Любаше так и представилось равнодушное, холеное лицо молодого фашистского летчика.
— Прибегаю, ни хаты, ни деток… — Топориха вся дрожит. — Черная яма! А мой ушат с бельем как стоял у колодца, так и стоит.
— Где же вы были?
— Как где? У сестры Насти. С Клавдюшкой-старшенькой и с твоей мамкой. — Помедлила. — Грохнулась я, как сноп соломы, у той черной ямы. Ничего не помню. Настя потом ведром воды меня окатила. Отливала, отливала..: Слышу: плачут где-то рядом мои Клавушка и Лесенька: «Мамочка! Проснись! Встань!..» А я глаза открыть не могу. Хочу и не могу. Вроде кто их клеем с вишни намазал.
— Бабуня, родная, — не выдерживает Любаша. — Да не мучай душу хоть сейчас. Погляди на себя: извелась вся. Бабушка Лиза, умоляю: не надо.
— Как не надо? — вспыхивает дрожащая Топориха. — А если я ночами не сплю?
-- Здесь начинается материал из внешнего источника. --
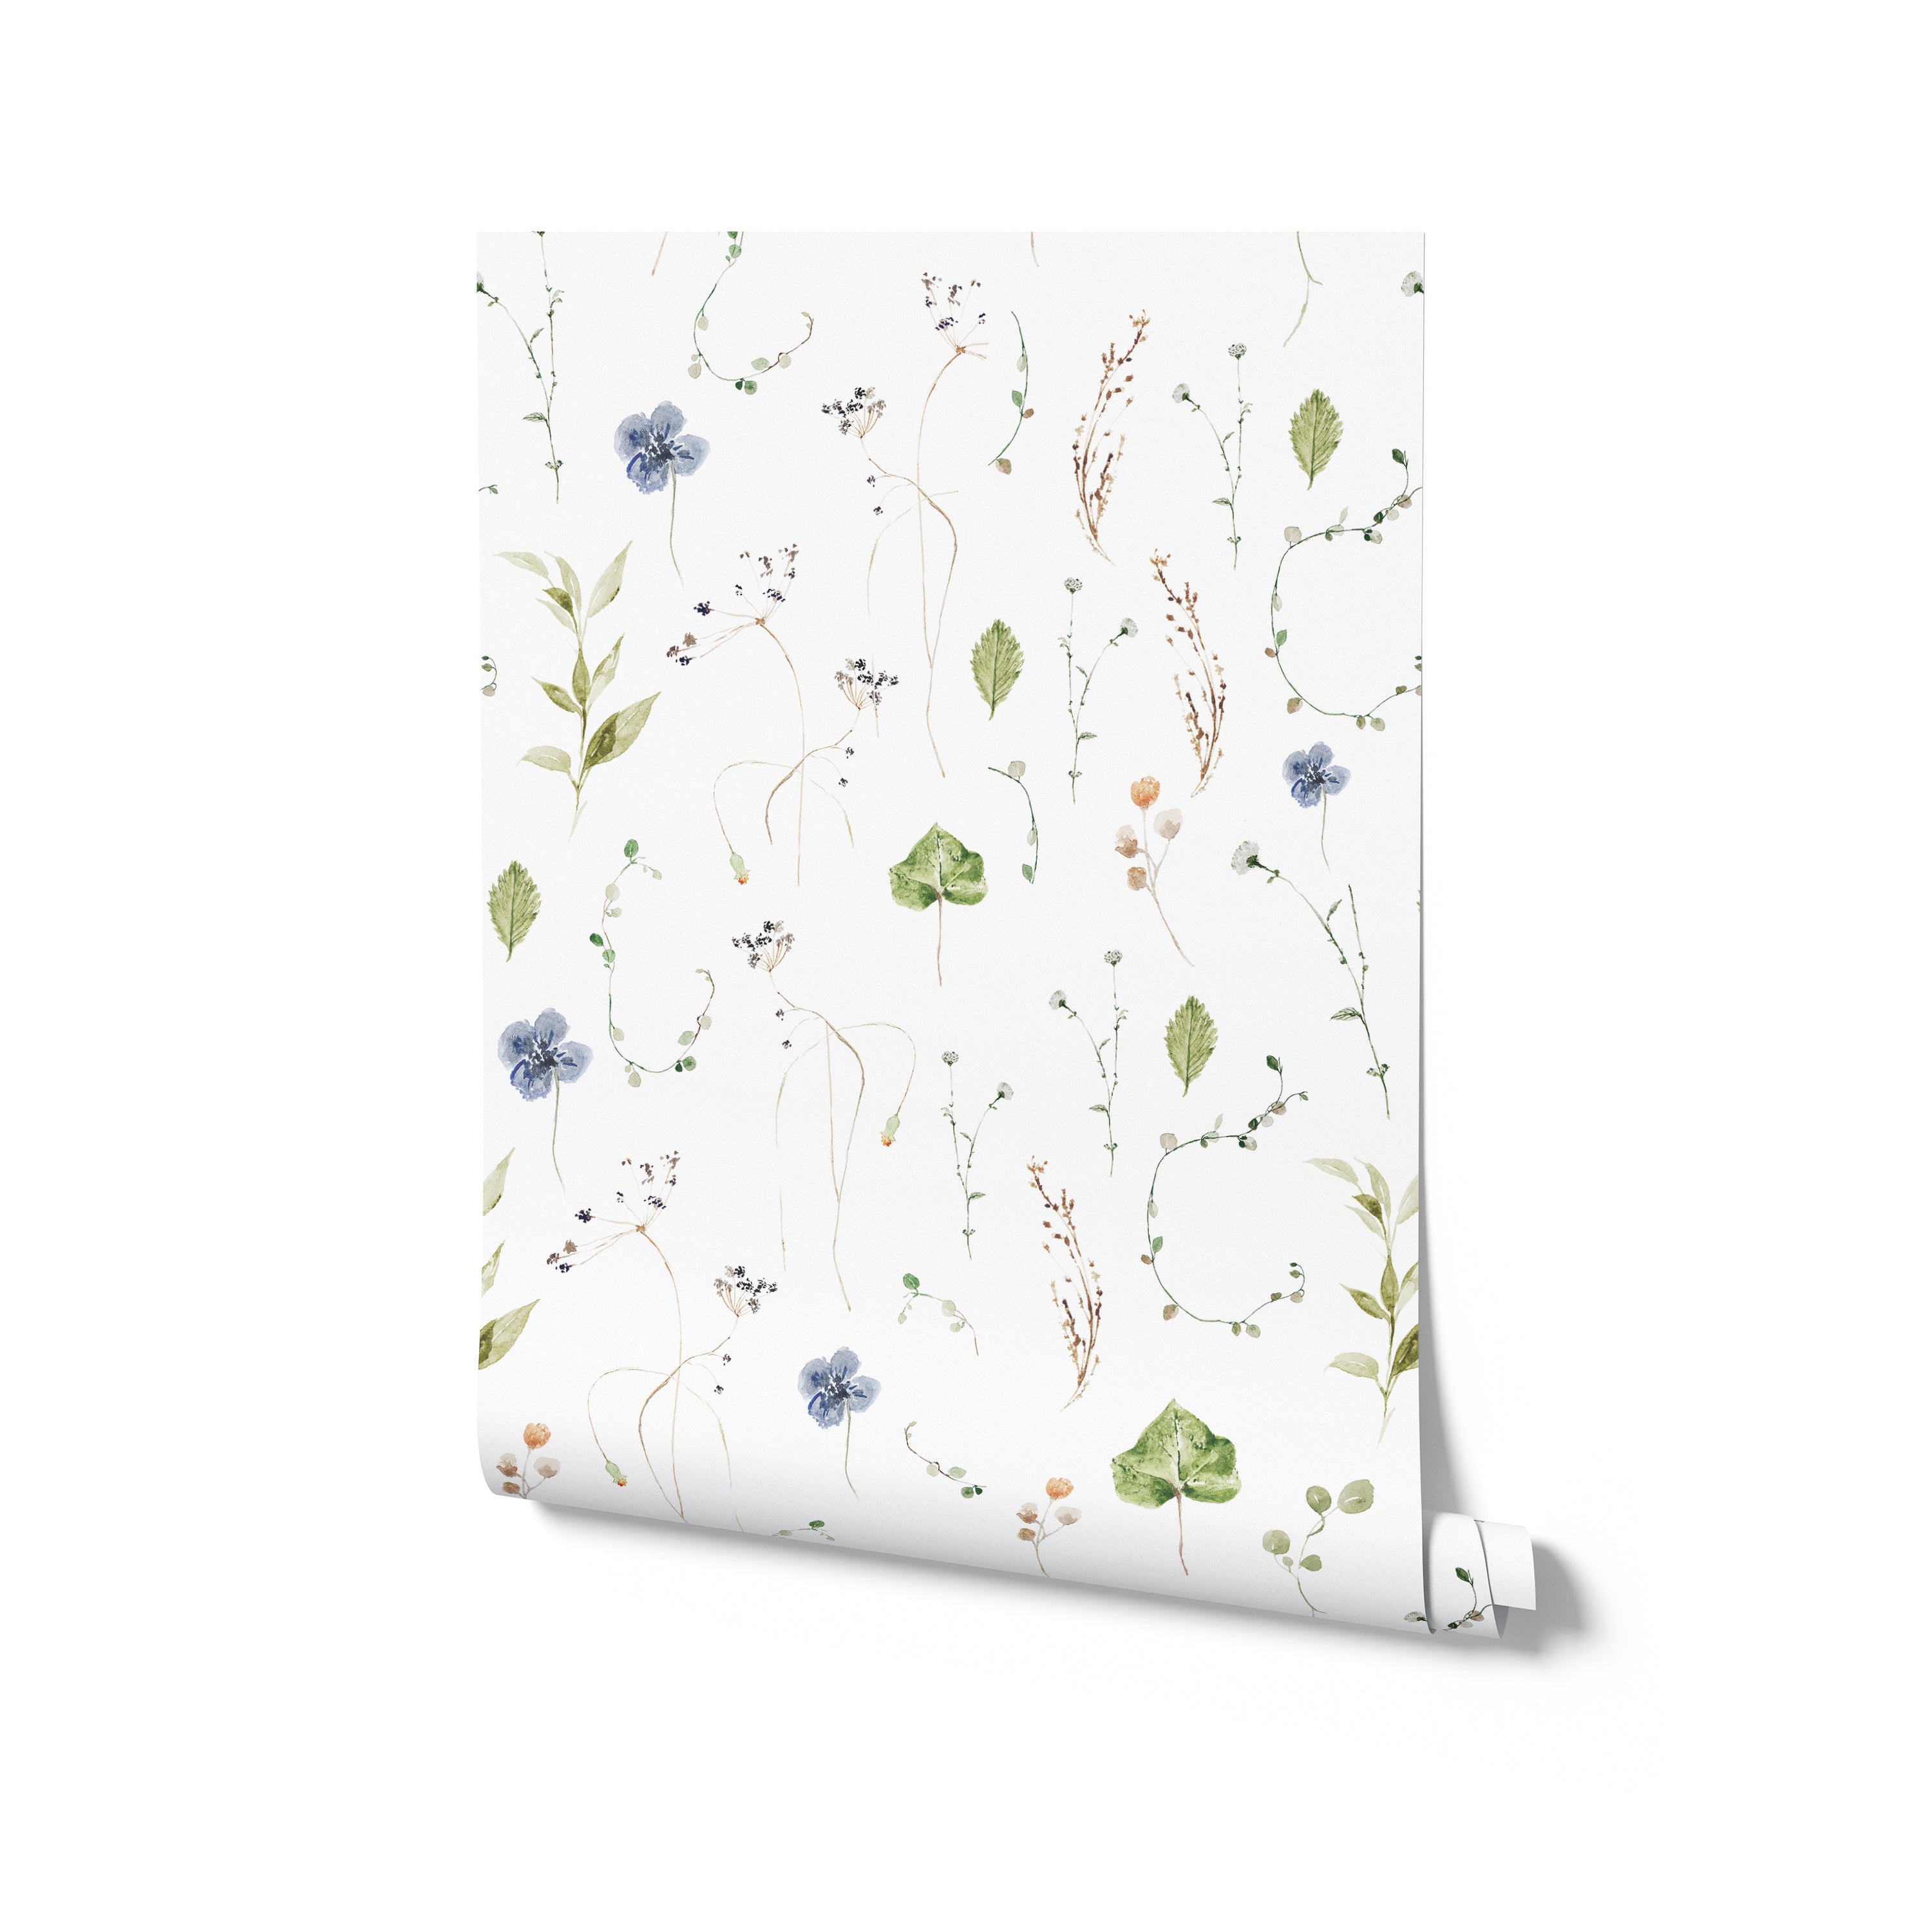 A roll of 'Ikebana Floral Wallpaper' illustrating its intricate botanical design with blue blossoms and green foliage that exudes a tranquil, organic beauty against a white backdrop.

Вое думаю, мучаюсь, вспоминаю.
— Где же вы жили после бомбежки?
— Как где? У сестры Насти. Это ж мой второй дом. Батя наш Пантелеймон так сказал про нас: «Лизавета ищет света, а Настя ищет счастья». А ее счастье повыше моего Топорка оказалось. Если уж твой отец молчун, то Настин Яшка был и вовсе бирюк. Сидит на кожаном стульчике, дратву, истукан, сучит. Но до моего Софони ему далеко.
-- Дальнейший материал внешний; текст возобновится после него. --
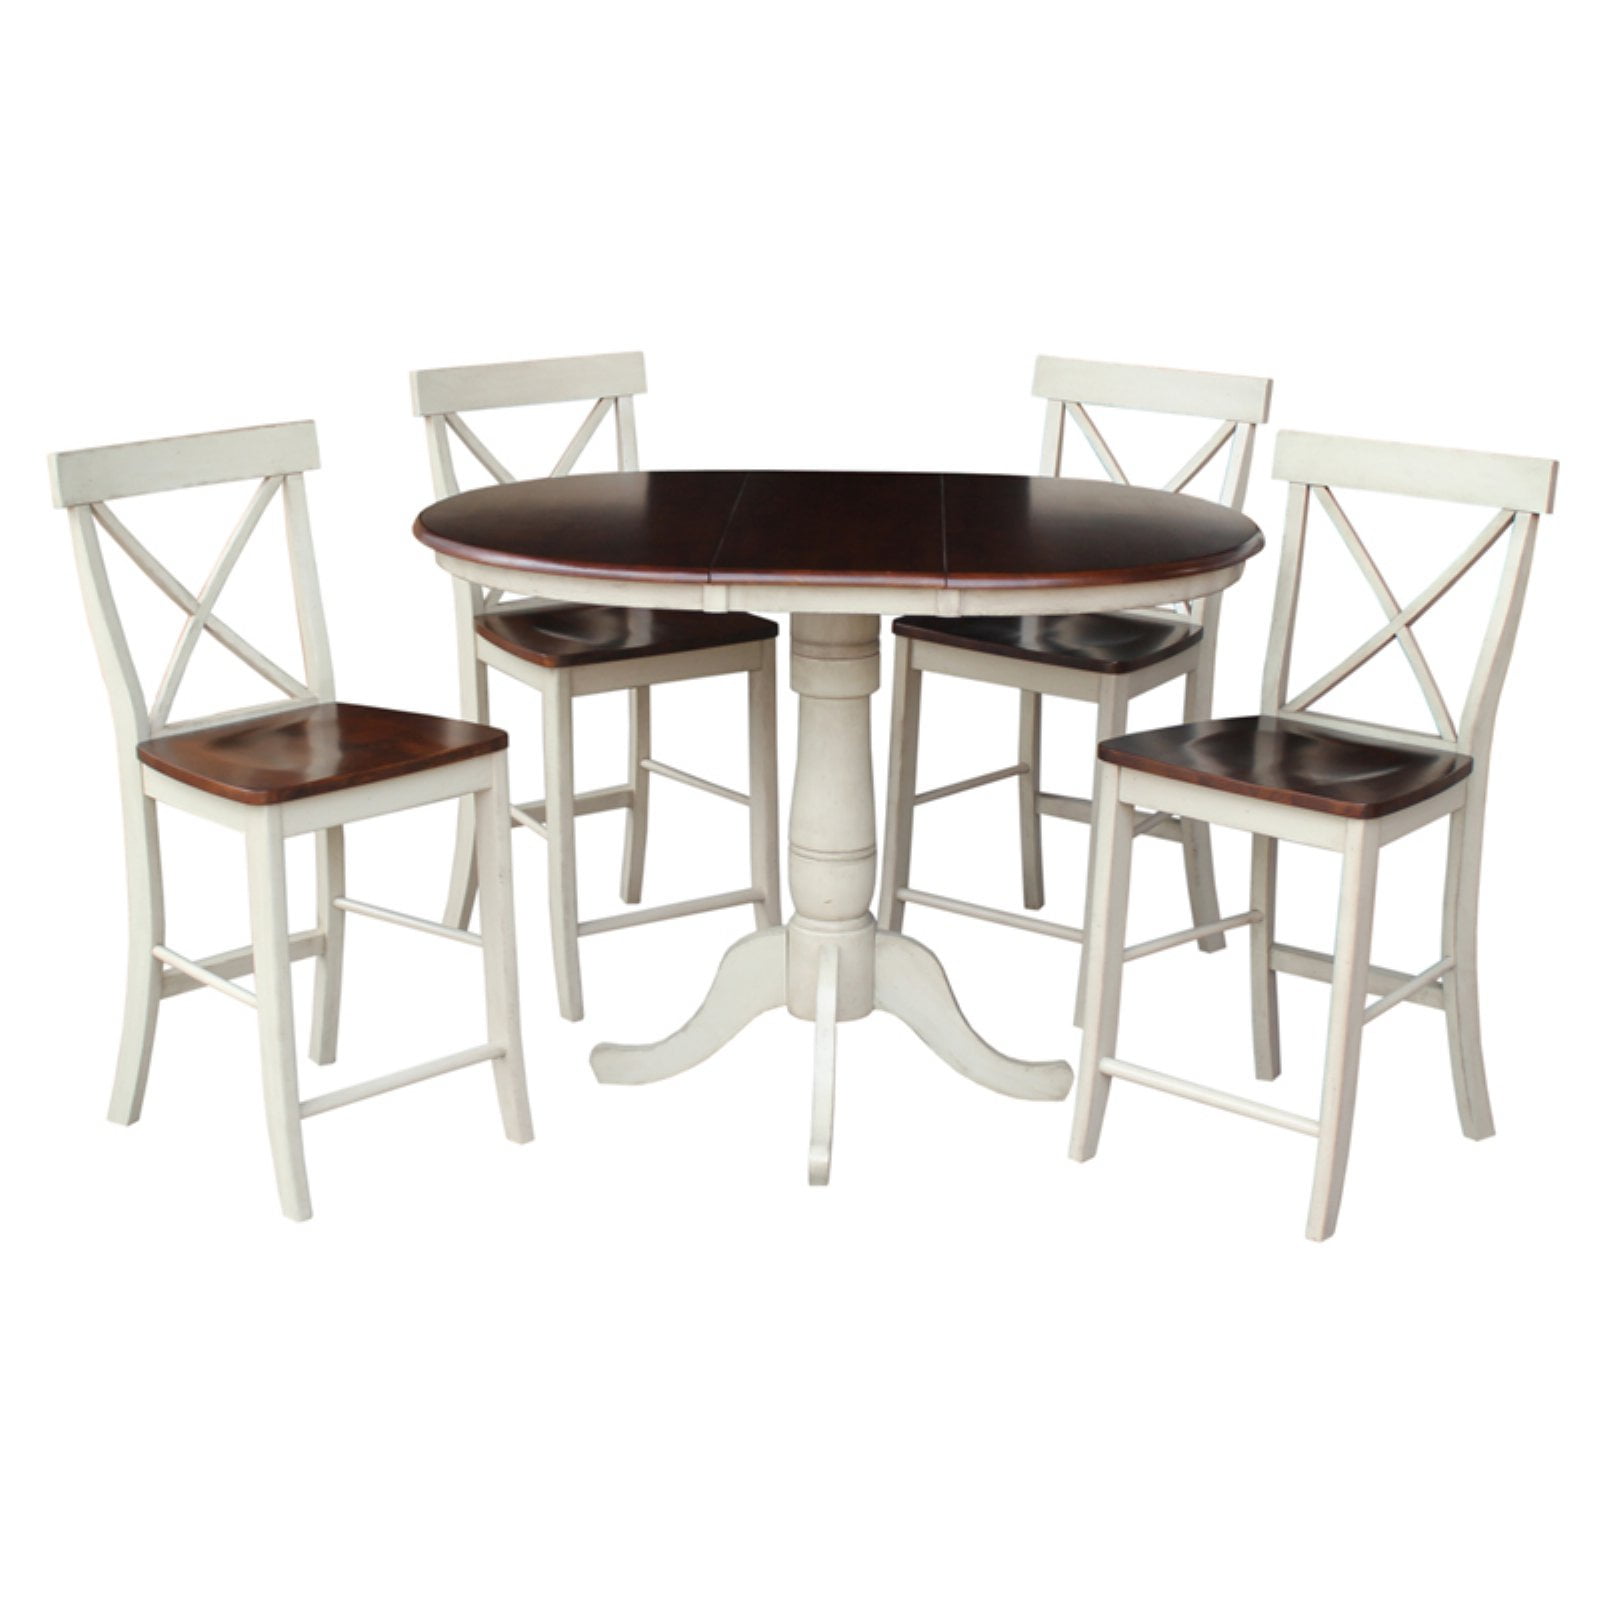 36" Round Counter Height Table with 4 X-back Stools in Antiqued Almond/Espresso - Set of 5 Promo

— Ты же его проклинала! — удивляется Лизаветина внучка.
— Молчи! В сапожном деле он артист! А бедняга Яшка — так, самоучка. — Помедлила. — Но добрый. Ничего не скажу. Добрый. Не обижал меня и детишек. Лесеньке игрушки мастерил. Но мой Софоня…
— Как же он в плен угодил?
— Точка! — внезапно обрывает Топориха.
И тут, как бы подтверждая незыблемость ее слов, закуковала кукушка, на старинных деревянных часах.
6. Ночь пятая
— Бабушка, как же все-таки твой Топорок попал в плен?
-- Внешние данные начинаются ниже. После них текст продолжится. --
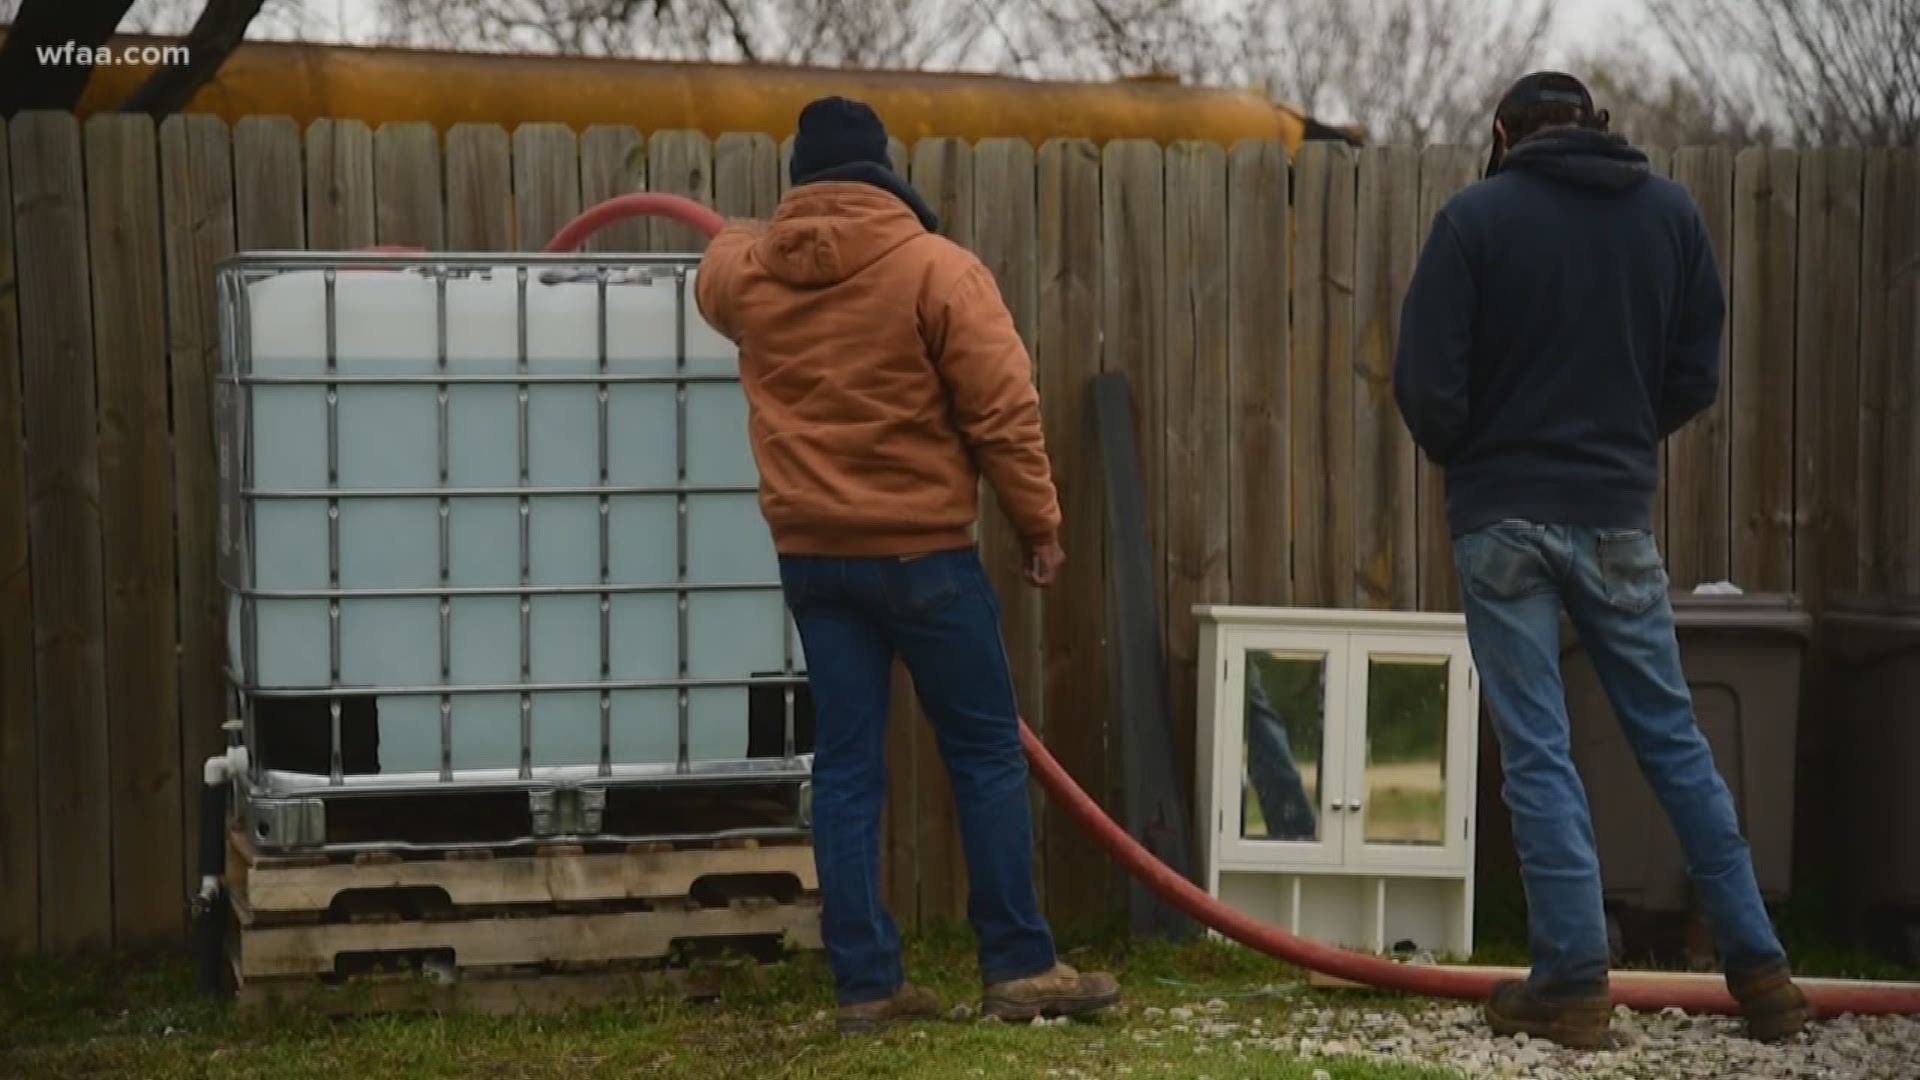 The City of Denton issued a state of emergency after residents were left without running water when the owner of a well shut it down in November.

— Как, как, — ворчит Топориха. — Приказано ему было разминировать все то Прохоровское поле, чтобы, значит, наши танки прошли, не подорвались. Наглотался он, сокол мой, этого чаду. Чуть не задохнулся. Трава тлела, гимнастерка тлела. Но приказ, значит, исполнил в точности. Разминировал. Ползет на брюхе к своим. Бац! Три здоровенных фрица. Как навалились! Куда там! — Тетка Лизавета словно перевоплощается в своего покойного. — У Софони слезы навернулись. Не со страху — от обиды. Он же, мой герой, нашу победу обеспечил. И на тебе! Заместо ордена — плен. Да тут зубами заскрипишь, волком завоешь. Ведь до Чистого Колодезя рукой подать.
— А вы в селе ничего не знали? — прошептала Любаша.
— Ну конечно! Слышим: земля задрожала, загудела. Узнаем в небушке своих. Слезами обливаемся: «Где же ты, наш освободитель? Где же ты, мой Топорок?» Уходил человек из хаты — нет хаты. Поцеловал жену, детишек. Одна Лесенька, твоя мамка, со мною осталась… — Топориха вздрагивает и снова тянется к краешку простыни.
— А Клавушка?
— Молчи! Не перебивай. И до нее дойду.
— Дедушку, конечно, в концлагерь? — подсказывает побледневшая внучка.
— Какой там концлагерь! — безнадежно машет рукой Топориха. — Хуже! В саперы. В команду смертников. Была у них, иродов, такая бомбенкоманда. Значит, бомбы американские в самом Берлине разряжала. Которые не бухнули. Разрядишь — жив, а нет… Ух, душегубы! Да я бы их самих… — Она от ярости не находит слов. — На мелкие кусочки! На мелкие кусочки! А мой Топорок, бедолага, терпел. Одно слово: сапер.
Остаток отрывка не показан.